Something poured electricity upon them.

The stones of these forts exist to this day, vitrified, or melted and turned to glass.

The archaeologists have jumped from one conclusion to another, like the "rapid chamois" we read of a while ago, to account for vitrified forts, always restricted by the commandment that unless their conclusions conformed to such tenets as Exclusionism, of the System, they would be excommunicated. So archaeologists, in their medieval dread of excommunication, have tried to explain vitrified forts in terms of terrestrial experience. We find in their insufficiencies the same old assimilating of all that could be assimilated, and disregard for the unassimilable, conventionalizing into the explanation that vitrified forts were made by prehistoric peoples who built vast fires—often remote from wood-supply—to melt externally, and to cement together, the stones of their constructions. But negativeness always: so within itself a science can never be homogeneous or unified or harmonious. So Miss Russel, in the Journal of the B.A.A., has pointed out that it is seldom that single stones, to say nothing of long walls, of large houses that are burned to the ground, are vitrified.

If we pay a little attention to this subject, ourselves, before starting to write upon it, which is one of the ways of being more nearly real than oppositions so far encountered by us, we find:

That the stones of these forts are vitrified in no reference to cementing them: that they are cemented here and there, in streaks, as if special blasts had struck, or played, upon them.

Then one thinks of lightning?

Once upon a time something melted, in streaks, the stones of forts on the tops of hills in Scotland, Ireland, Brittany, and Bohemia.

Lightning selects the isolated and conspicuous.

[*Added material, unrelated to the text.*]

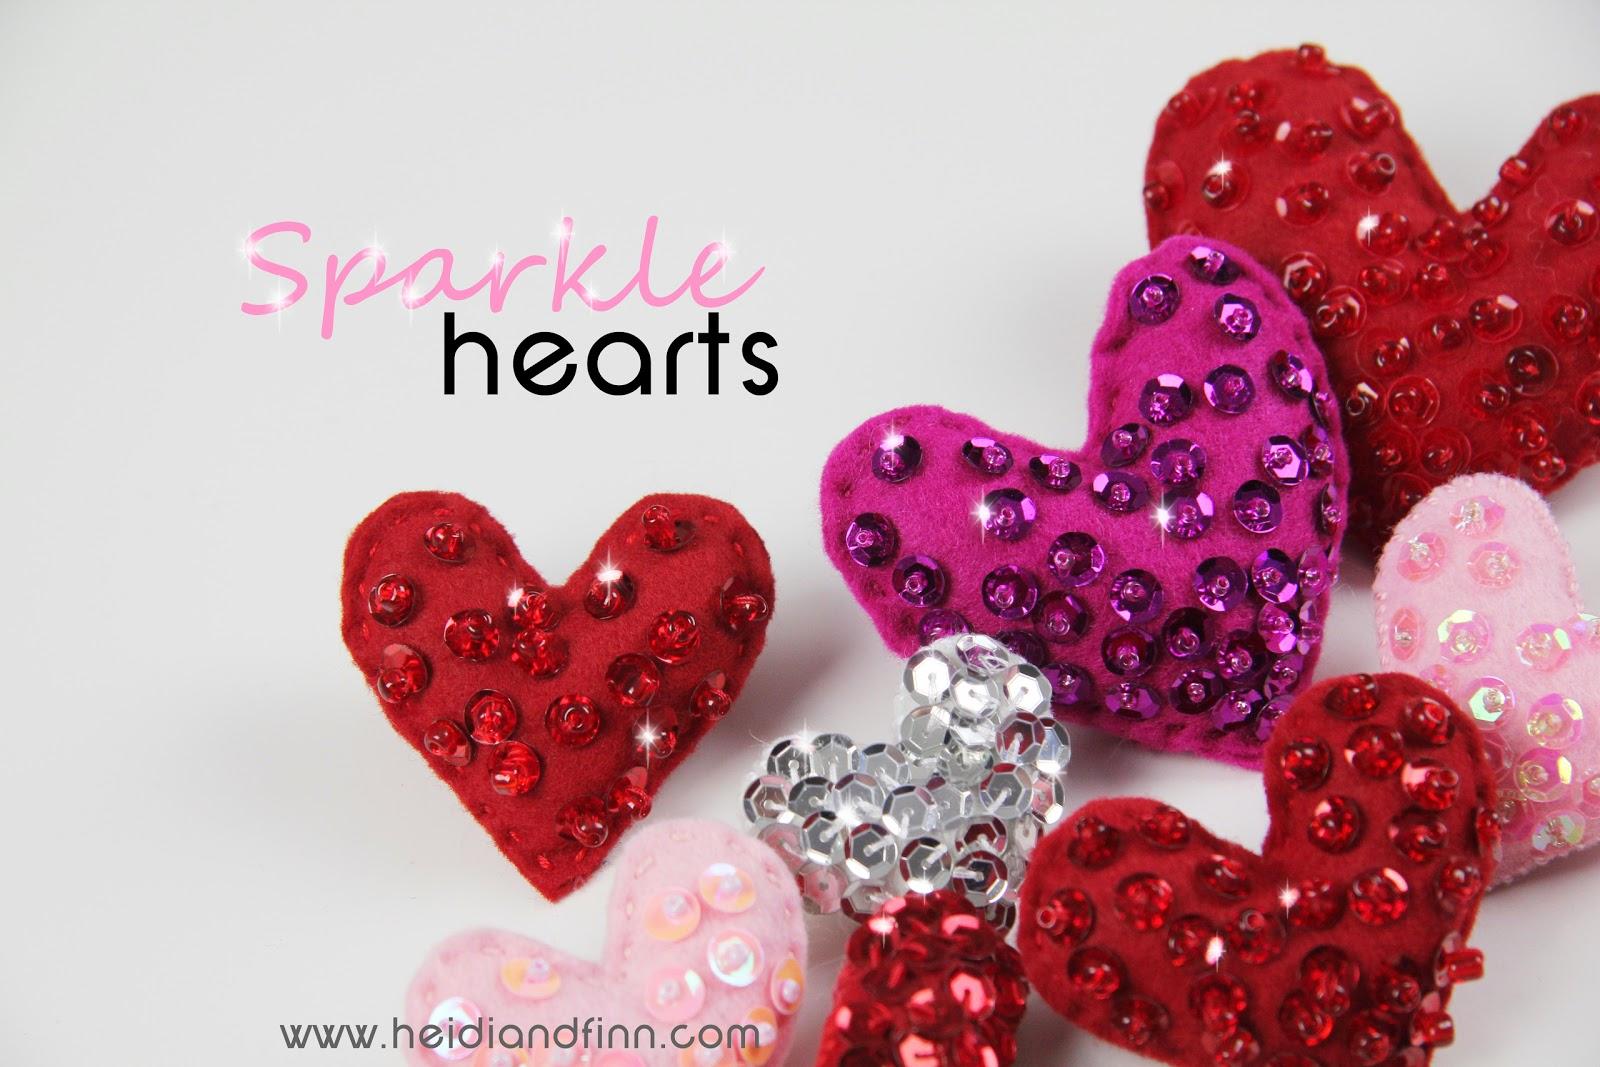 http://www.heidiandfinn.com/2014/01/valentines-sparkle-hearts-diy-tutorial.html

But some of the vitrified forts are not upon tops of hills: some are very inconspicuous: their walls too are vitrified in streaks.

Something once had effect, similar to lightning, upon forts, mostly on hills, in Scotland, Ireland, Brittany, and Bohemia.

But upon hills, all over the rest of the world, are remains of forts that are not vitrified.

There is only one crime, in the local sense, and that is not to turn blue, if the gods are blue: but, in the universal sense, the one crime is not to turn the gods themselves green, if you're green.

13

One of the most extraordinary of phenomena, or alleged phenomena, of psychic research, or alleged research—if in quasi-existence there never has been real research, but only approximations to research that merge away, or that are continuous with, prejudice and convenience—

"Stone-throwing."

It's attributed to poltergeists. They're mischievous spirits.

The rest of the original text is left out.